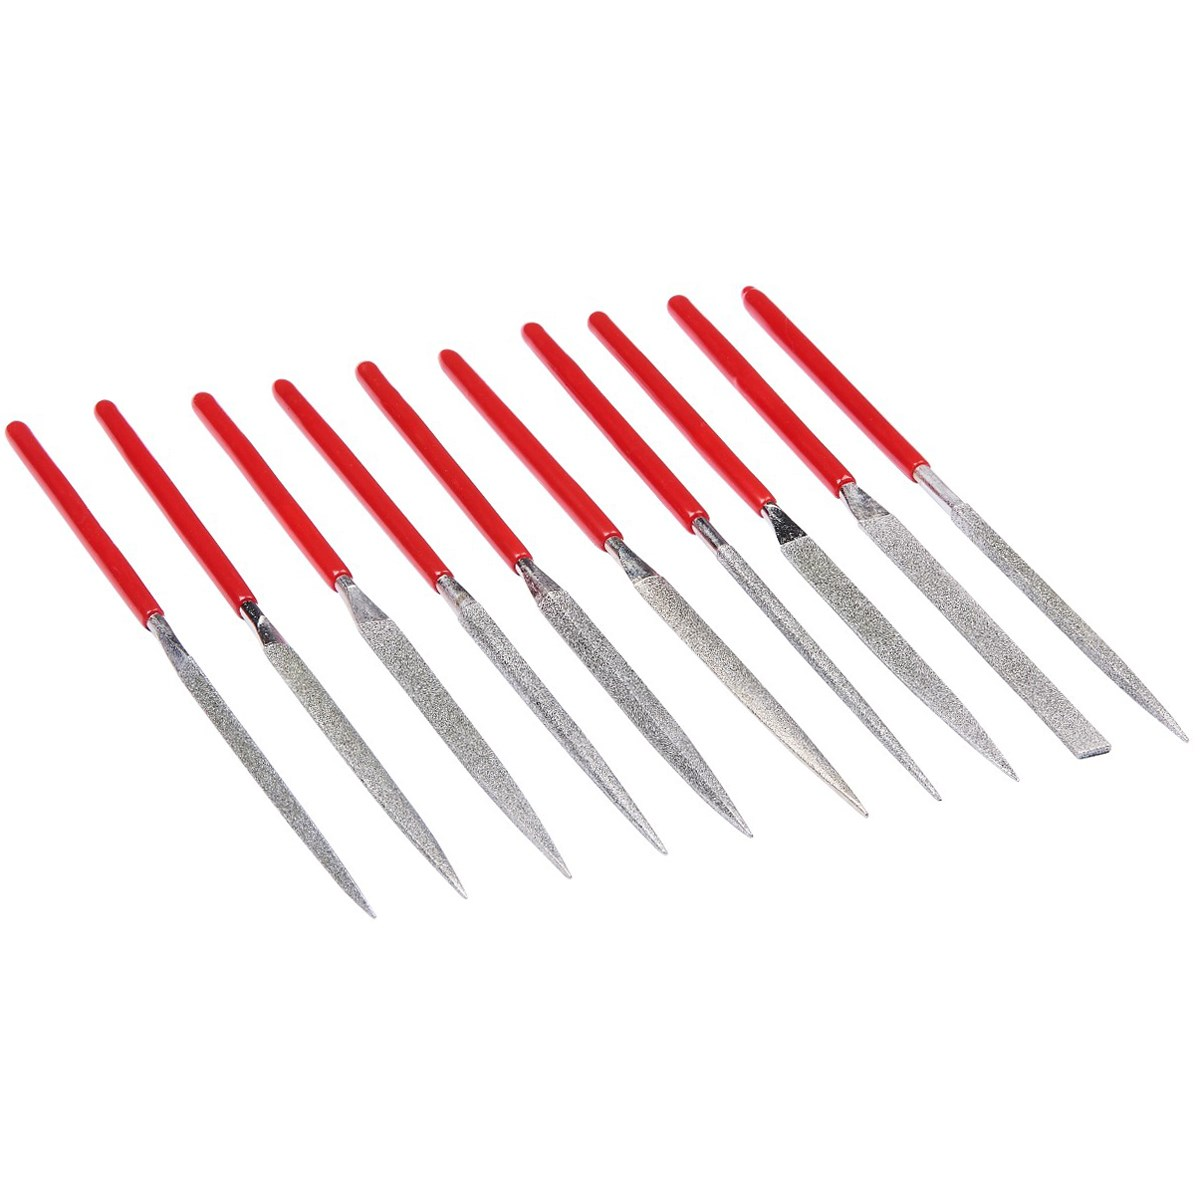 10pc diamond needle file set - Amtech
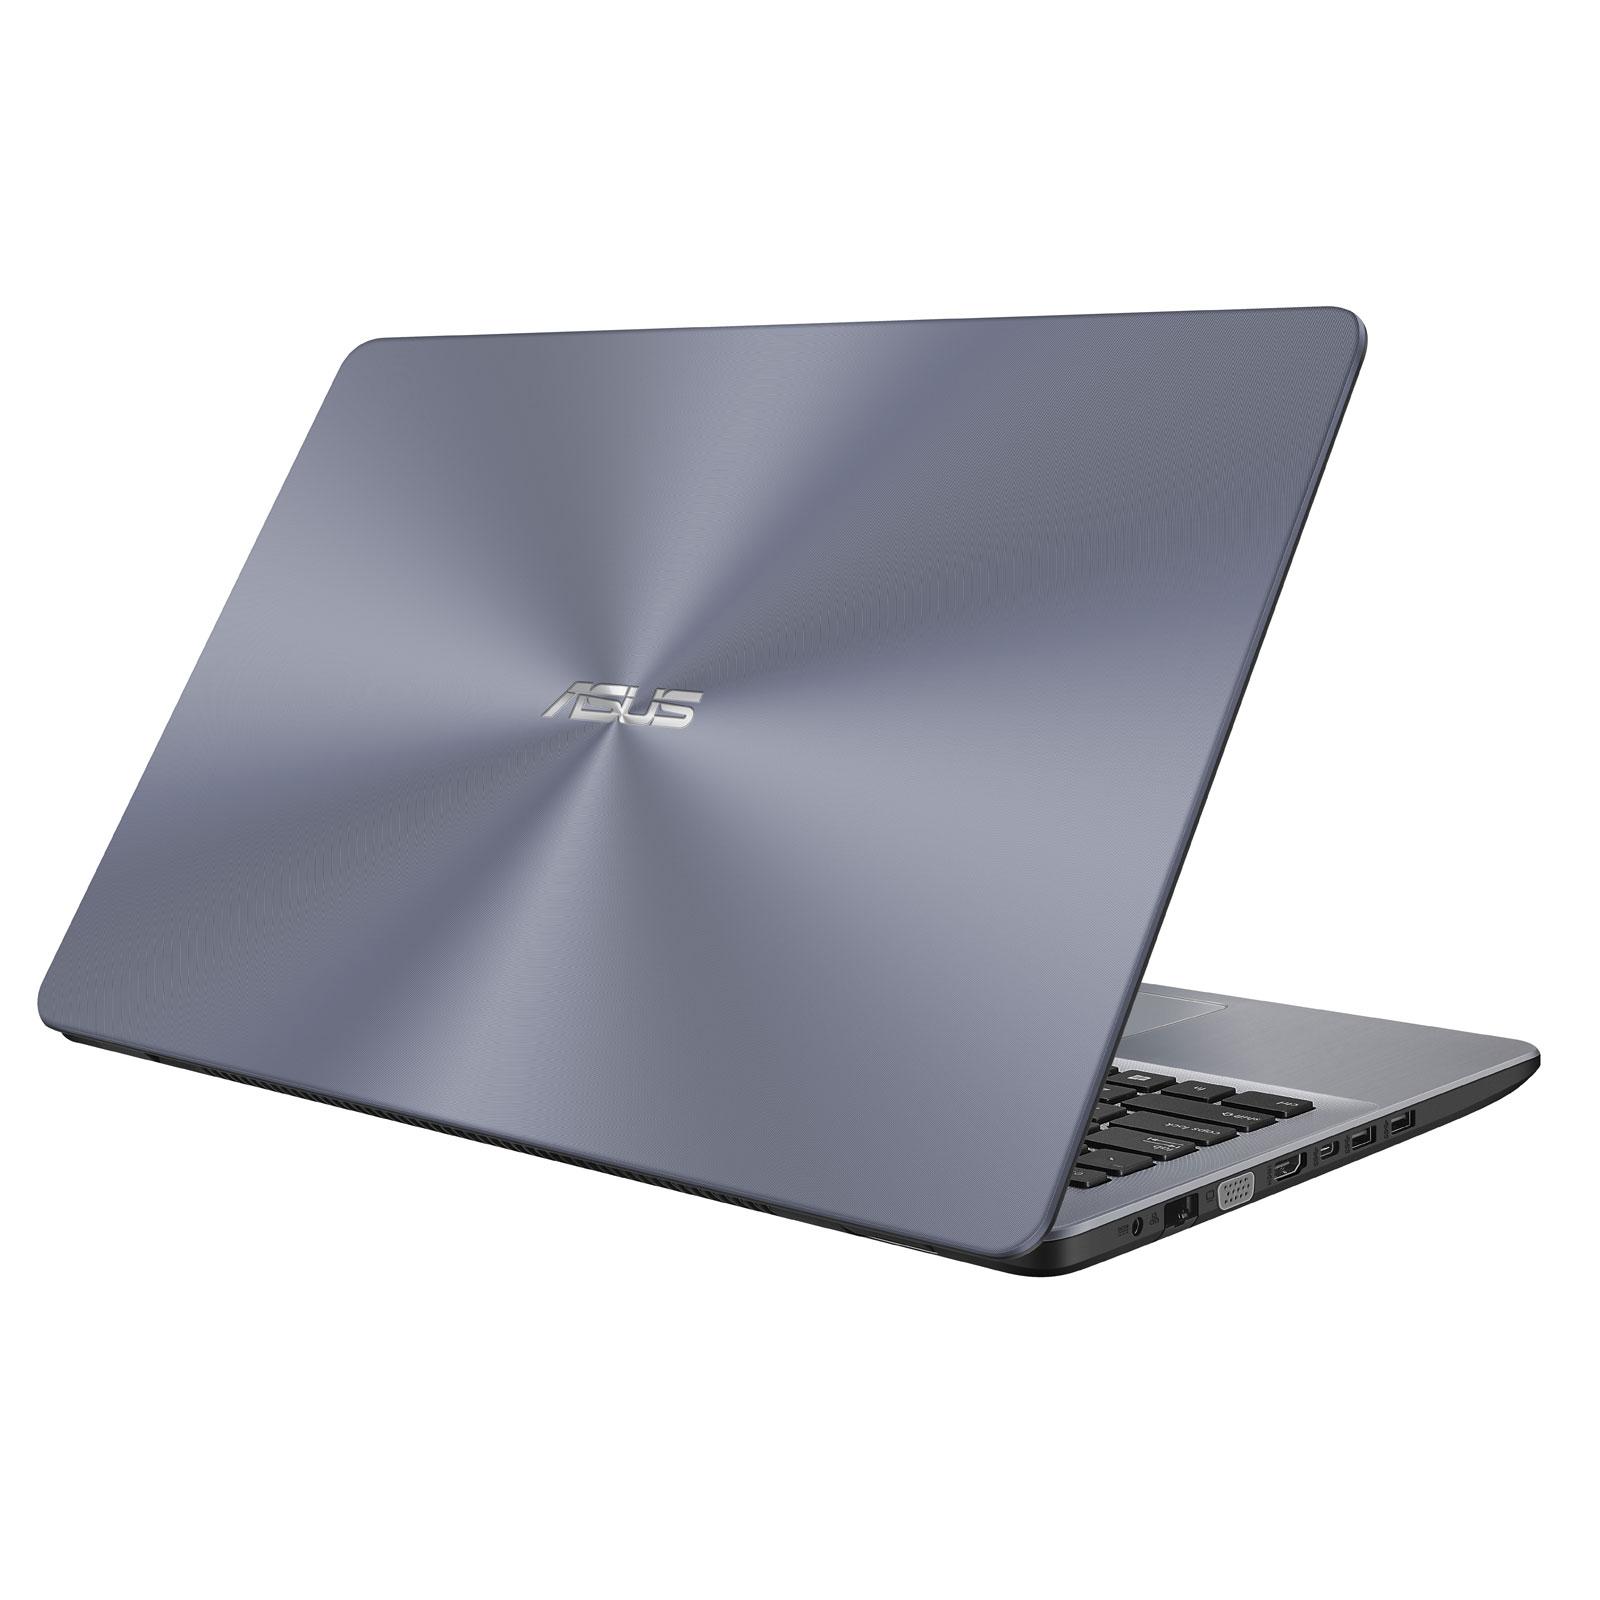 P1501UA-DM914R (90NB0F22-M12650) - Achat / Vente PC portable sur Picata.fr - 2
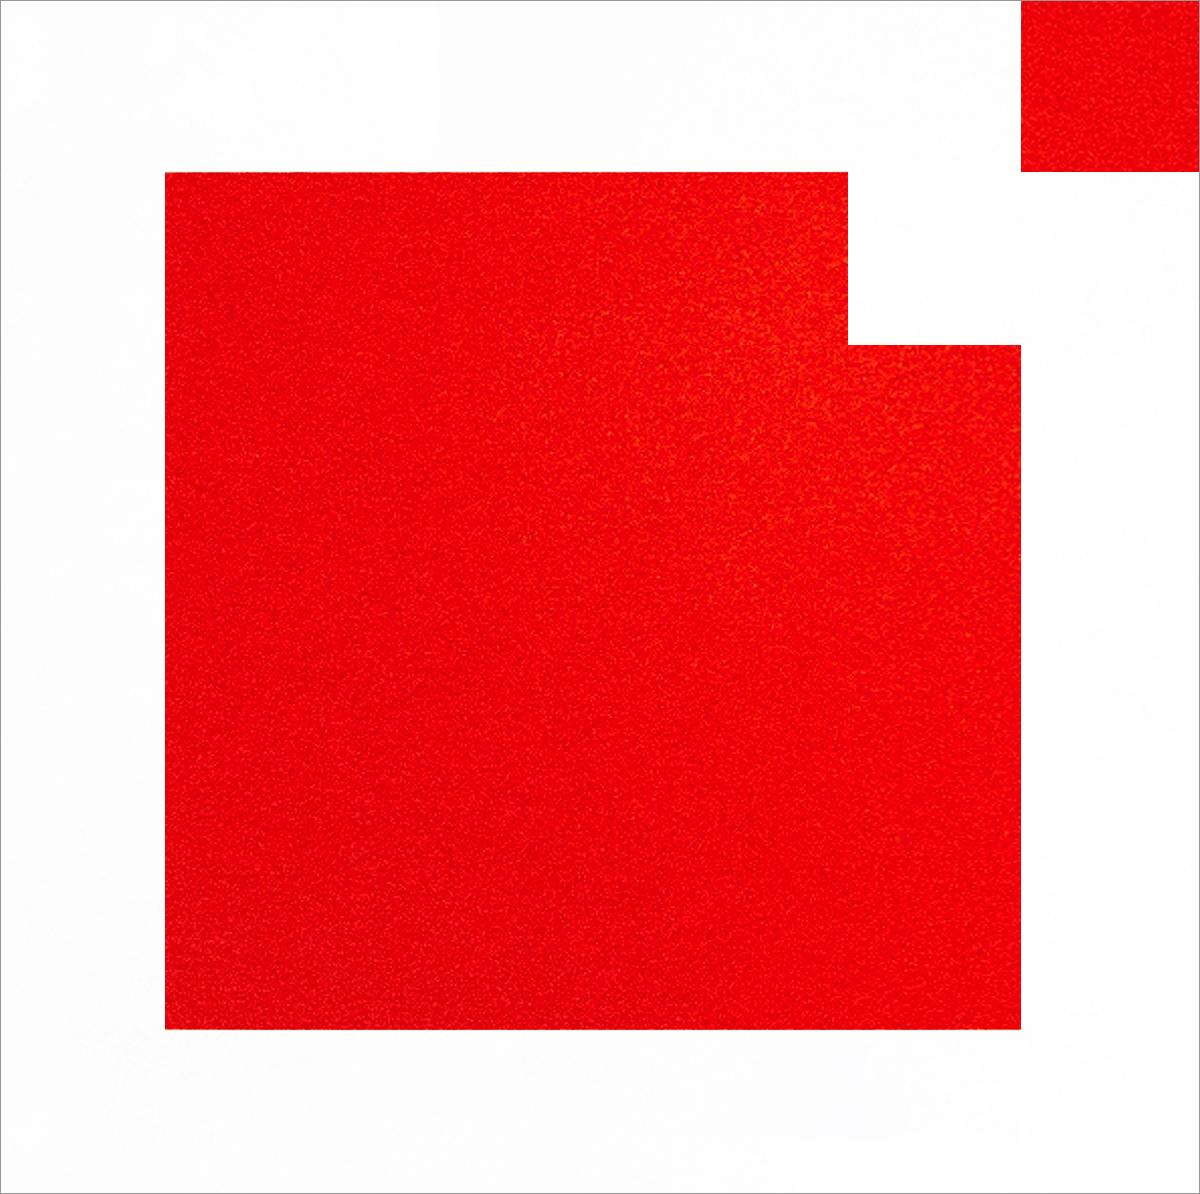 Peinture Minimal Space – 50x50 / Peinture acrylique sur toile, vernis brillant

[Exercise objective] Your task is to repeat the data above exactly while excluding the pictures.

[Expected answer]
 10pc diamond needle file set - Amtech
 P1501UA-DM914R (90NB0F22-M12650) - Achat / Vente PC portable sur Picata.fr - 2
 Peinture Minimal Space – 50x50 / Peinture acrylique sur toile, vernis brillant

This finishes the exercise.